Find the area of a triangle ABC with vertices
A(2, 3), B(4, 7) and C(7, 3)
A. 20 1
2
π’πππ‘π 2.
B. β10 π’πππ‘π 2
C. 10 1
2
π’πππ‘π 2
D. 10 π’πππ‘π 2
We can use the formula for the area of a triangle given its vertices:
Area = 1/2 |(x1(y2-y3) + x2(y3-y1) + x3(y1-y2))|
Substituting the coordinates of our triangle, we get:
Area = 1/2 |(2(7-3) + 4(3-3) + 7(3-7))|
Simplifying, we get:
Area = 1/2 |(-4)|
Area = 2
Therefore, the answer is A. 20/2 = 10 square units.
To find the area of a triangle with given vertices, you can use the formula for the area of a triangle:
Area = (1/2) * base * height
where the base is the length of any one side of the triangle and the height is the perpendicular distance from the base to the opposite vertex.
In this case, let's consider AB as the base and the point C as the opposite vertex. To find the length of AB, we can use the distance formula:
Length of AB = β((x2 - x1)^2 + (y2 - y1)^2) = β((4 - 2)^2 + (7 - 3)^2) = β(2^2 + 4^2) = β20
Now, let's find the height of the triangle. The height is the perpendicular distance from the point C to AB. To find this distance, we need to calculate the slope of AB and then find the equation of the line perpendicular to AB passing through C.

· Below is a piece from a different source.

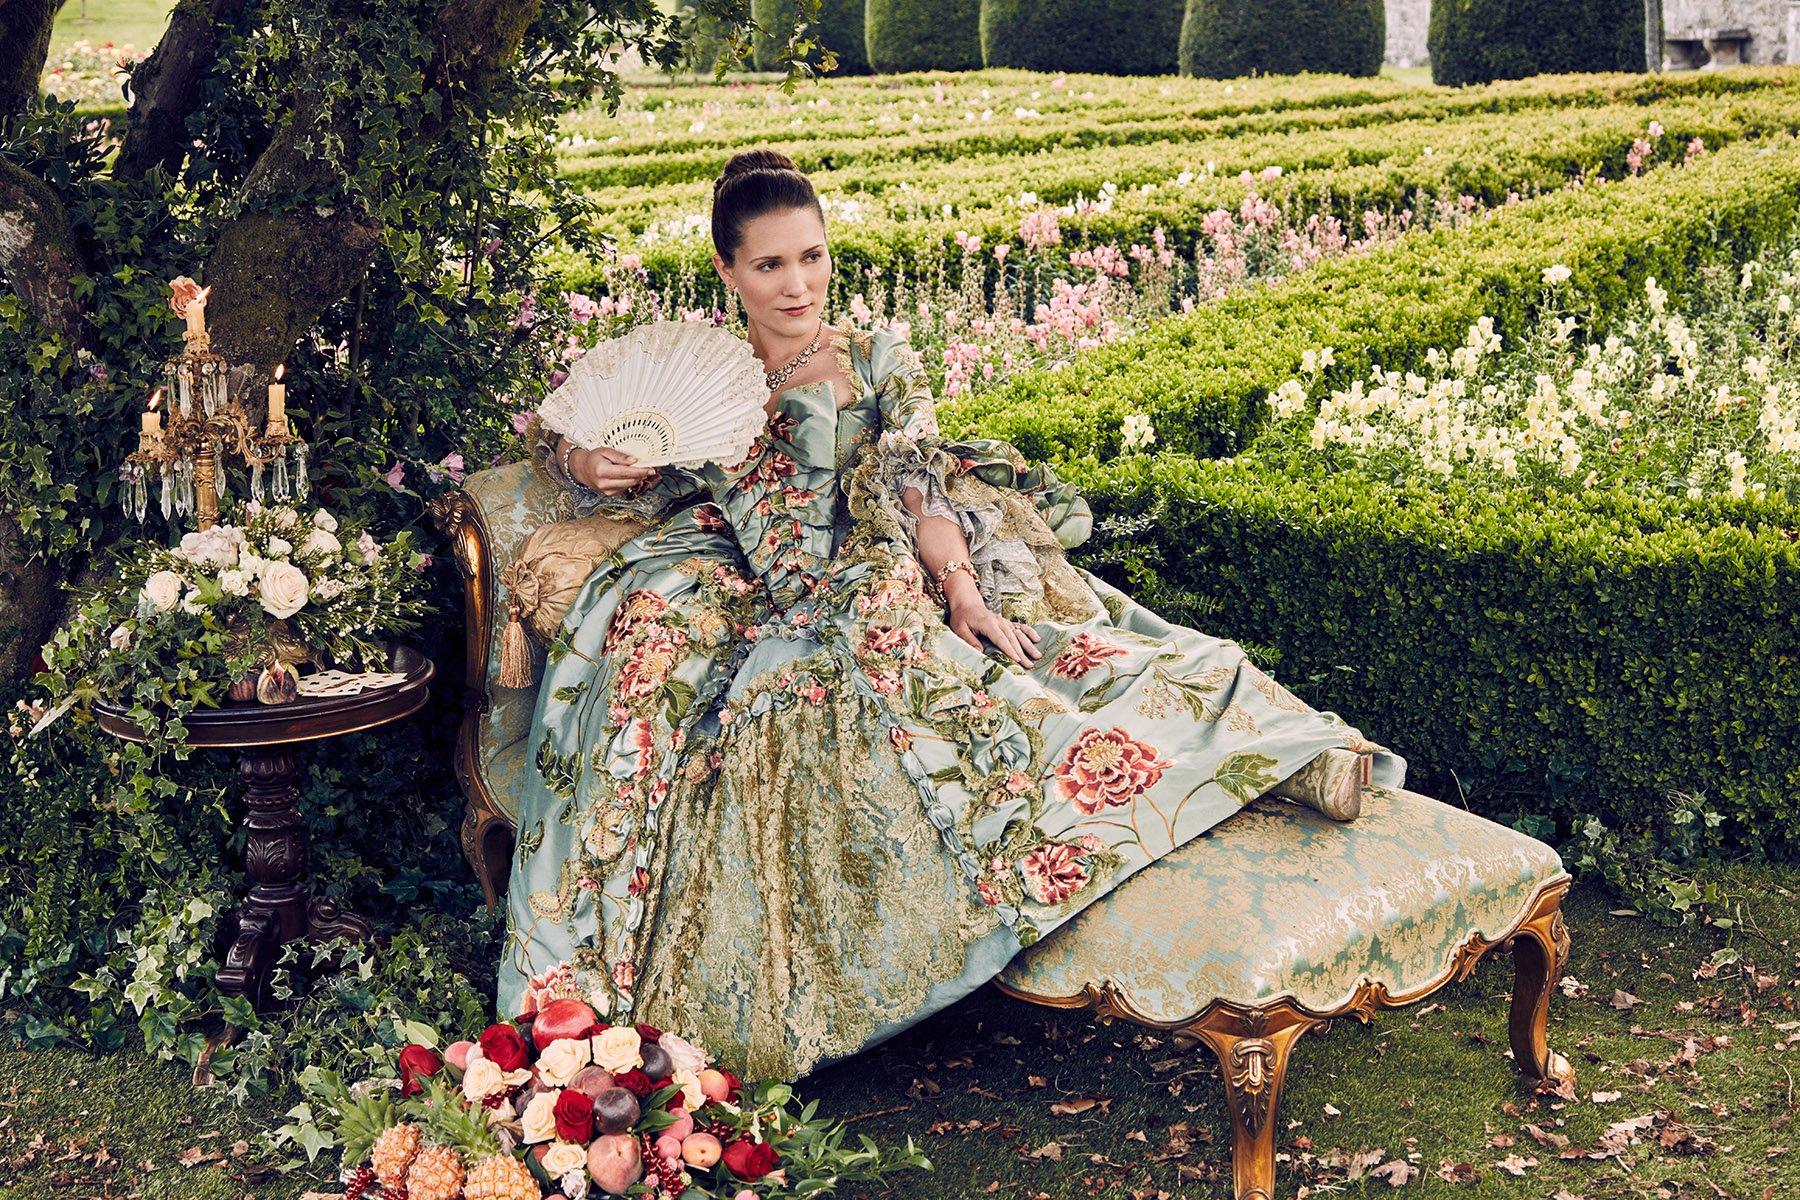 New 15 Hq Stills Of Outlander Season 2 Outlander Online

Slope of AB = (y2 - y1)/(x2 - x1) = (7 - 3)/(4 - 2) = 4/2 = 2
Since the slope of the perpendicular line is the negative reciprocal of the slope of AB, the slope of the perpendicular line passing through C is -1/2.
Using point-slope form, we can write the equation of the perpendicular line passing through C:
y - y1 = m(x - x1), where (x1, y1) = (7, 3) and m = -1/2
y - 3 = (-1/2)(x - 7)
2(y - 3) = -x + 7
2y - 6 = -x + 7
2y + x = 13
Now, we can find the point of intersection of the lines AB and the line perpendicular to AB passing through C. Solving the system of equations:
y = 2x - 1
2y + x = 13
We get x = 3 and y = 5. Therefore, the height of the triangle h = 5.
Now, we can calculate the area using the formula:
Area = (1/2) * base * height
= (1/2) * β20 * 5
Simplifying, we have:
Area = (1/2) * β(4*5) * 5
= (1/2) * β20 * β5
= β5 * β4
Therefore, the area of triangle ABC is β20 units^2, which is option B.